Documentation

Input Plugins API

This guide provides an introduction into the input plugins API of the Wikitude Native SDK and aims to familiarize the reader with its concepts and constraints. Due to the length and complexity of the corresponding example application source code, it will not be presented in its entirety. Relevant and descriptive source code examples will, however, be provided. Since the Input Plugins API is an extension to the Plugins API, we recommend familiarity with it prior to reading this guide.

  1. About Wikitude SDK Input Plugins
  2. Input Plugin Base Class
  3. Simple Input Plugin
  4. Custom Camera

About Wikitude SDK Input Plugins

The input plugins API provides a means to alter the inputs and outputs of the Wikitude Native SDK. For the input case specifically, custom frame data of arbitrary sources can be supplied as an input to the Wikitude SDK Native API for processing. Complementary, for the output case, the default rendering of the Wikitude SDK Native API can be substituted with more advanced implementations.

Input plugins can be registered before the SDK is started or while it is already running. In case it is registered before the Wikitude SDK is started, the internal Wikitude camera implementation is not started at all and the Wikitude SDK starts using the input plugin from the very beginning on. In case an input plugin is registered at runtime, the internal Wikitude SDK camera is first stopped, subsequently followed by a transition to the newly registered input plugin.

Input Plugin Base Class

class InputPlugin: public Plugin {
public:
    using InputFrameAvailableNotifier = std::function<int(long frameId, std::shared_ptr<unsigned char> frameData)>;

public:
    InputPlugin(std::string identifier_);
    virtual ~InputPlugin();

    virtual bool requestsInputFrameRendering();
    virtual bool requestsInputFrameProcessing();

    void notifyNewInputFrame(long frameId_, std::shared_ptr<unsigned char> inputFrame_, bool managedFromOutside_ = false);

    InputRenderSettings& getRenderSettings();
    InputFrameSettings& getFrameSettings();
    virtual void prepareRenderingOfInputFrame(long frameId_);

    virtual std::shared_ptr<unsigned char> getPresentableInputFrameData();

    virtual void internalError(const std::string& errorMessage);
    void setInputFrameAvailableNotifier(InputFrameAvailableNotifier newInputFrameAvailableNotifier);

private:
    InputFrameAvailableNotifier                     _newInputFrameAvailableNotifier;

    InputFrameRenderSettings                        _renderSettings;
    InputFrameSettings                              _frameSettings;
    std::unique_ptr<InputFrameBufferController>     _inputFrameBufferController;
};

The keen observer will be quick to notice that the InputPlugin class is derived from the Plugin class. This allows an InputPlugin to be handled in the same manner as a regular plugin; therefore Plugin instantiation and registration are identical and will not be discussed redundantly in this guide. Please refer to the Plugins API guide for a detailed explanation. Instead, we will focus on and demonstrate the use of the newly introduced functions.

Color Space

getFrameSettings.setInputFrameColorSpace(wikitude::sdk::FrameColorSpace::YUV_420_NV21);

The Wikitude Native SDK currently accepts RGB frame data corresponding to the FrameColorSpace::RGB value, as well as YUV data in 4:2:0 NV21 format corresponding to the FrameColorSpace::YUV_420_NV21 value. The former implies a frame data size of frameWidth * frameHeight * 3 bytes, while the latter implies a frame data size of frameWidth * frameHeight * 3 / 2 bytes.

Field of View

getFrameSettings.setFrameFieldOfView(frameFieldOfView)
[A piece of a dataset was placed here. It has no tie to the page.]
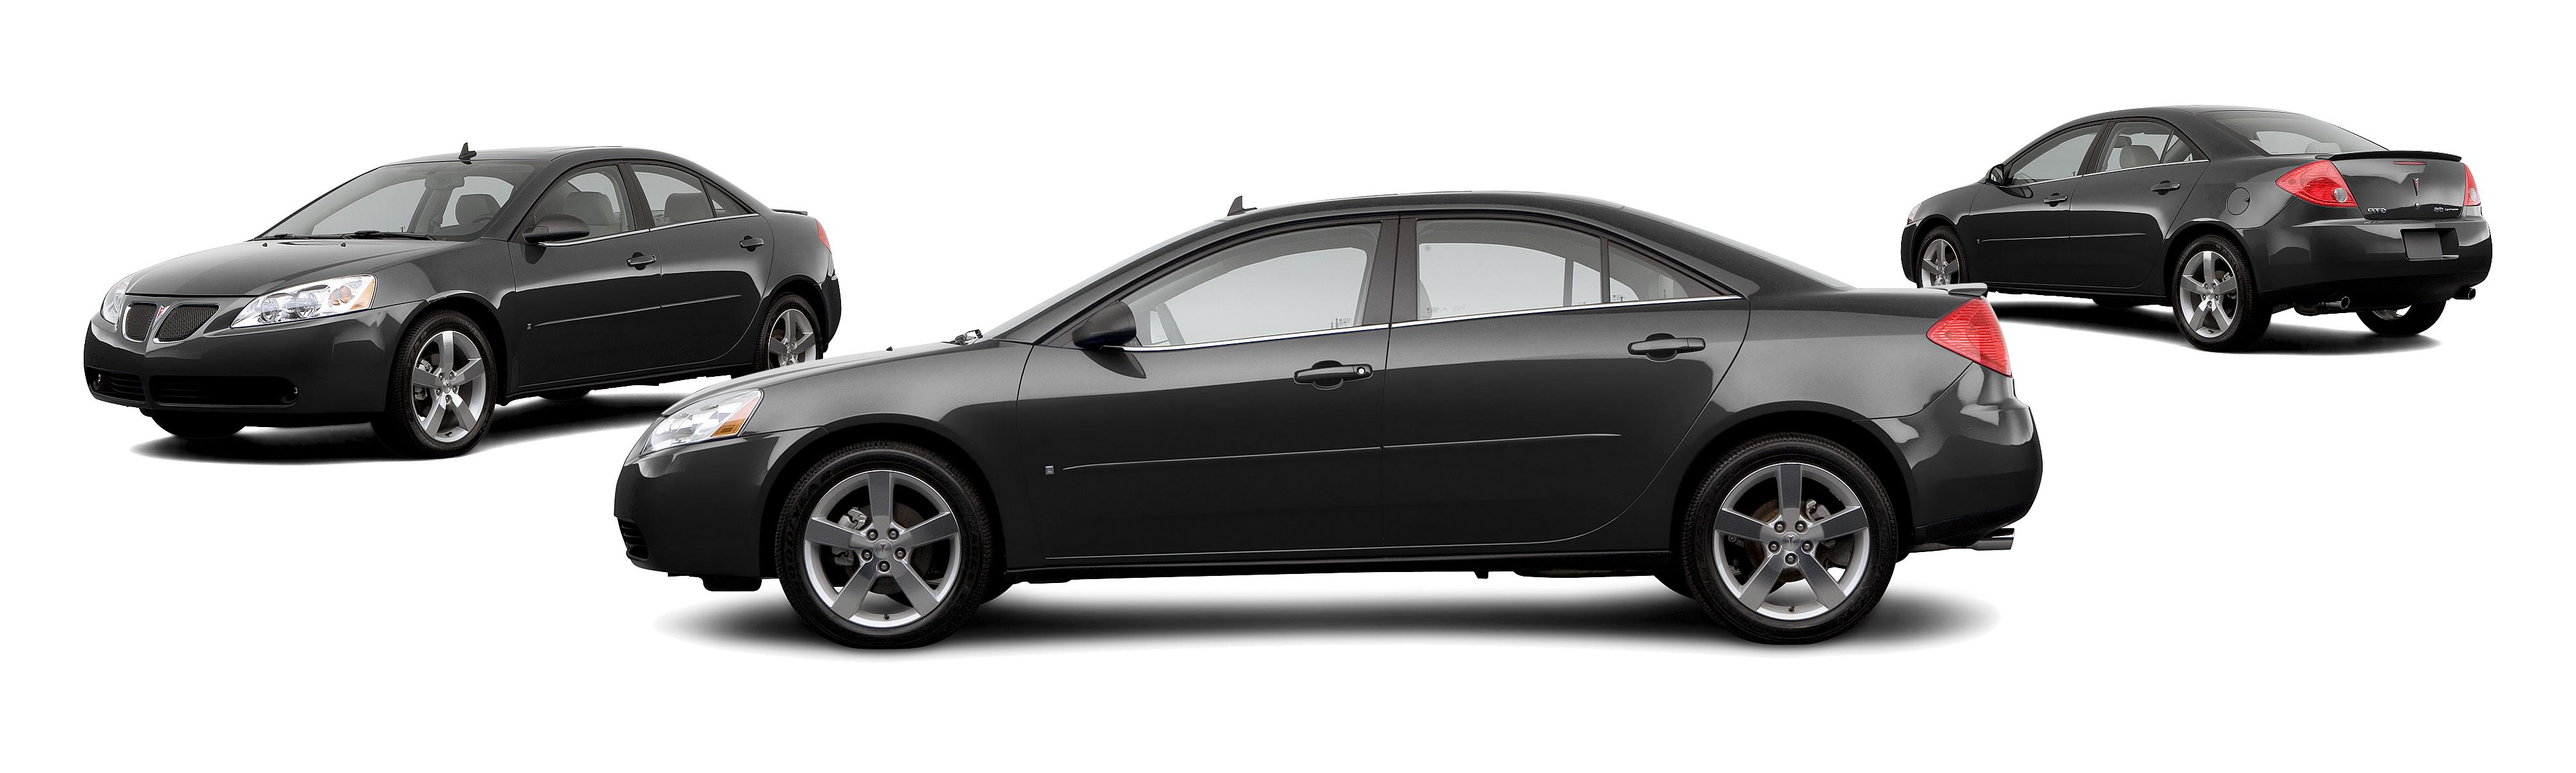 2007 Pontiac G6 Gt 4dr Sedan Research Groovecar 2010 Wiring Schematic

The setFrameFieldOfView function parameter needs to be a float value representing the horizontal field of view angle in degrees of the camera the provided frame was captured with. This value is required for the Wikitude computer vision engine to be able to accurately recognise and track targets within the provided frame. Note that the field of view value may significantly differ from device to device, we therefore recommend querying this value from the frame source directly to ensure representative values. For input image files and input video files this value should be discernible from the corresponding meta data; for an input camera stream this value should be accessible though the corresponding camera API.

Frame Size

getFrameSettings.setInputFrameSize(inputFrameSize)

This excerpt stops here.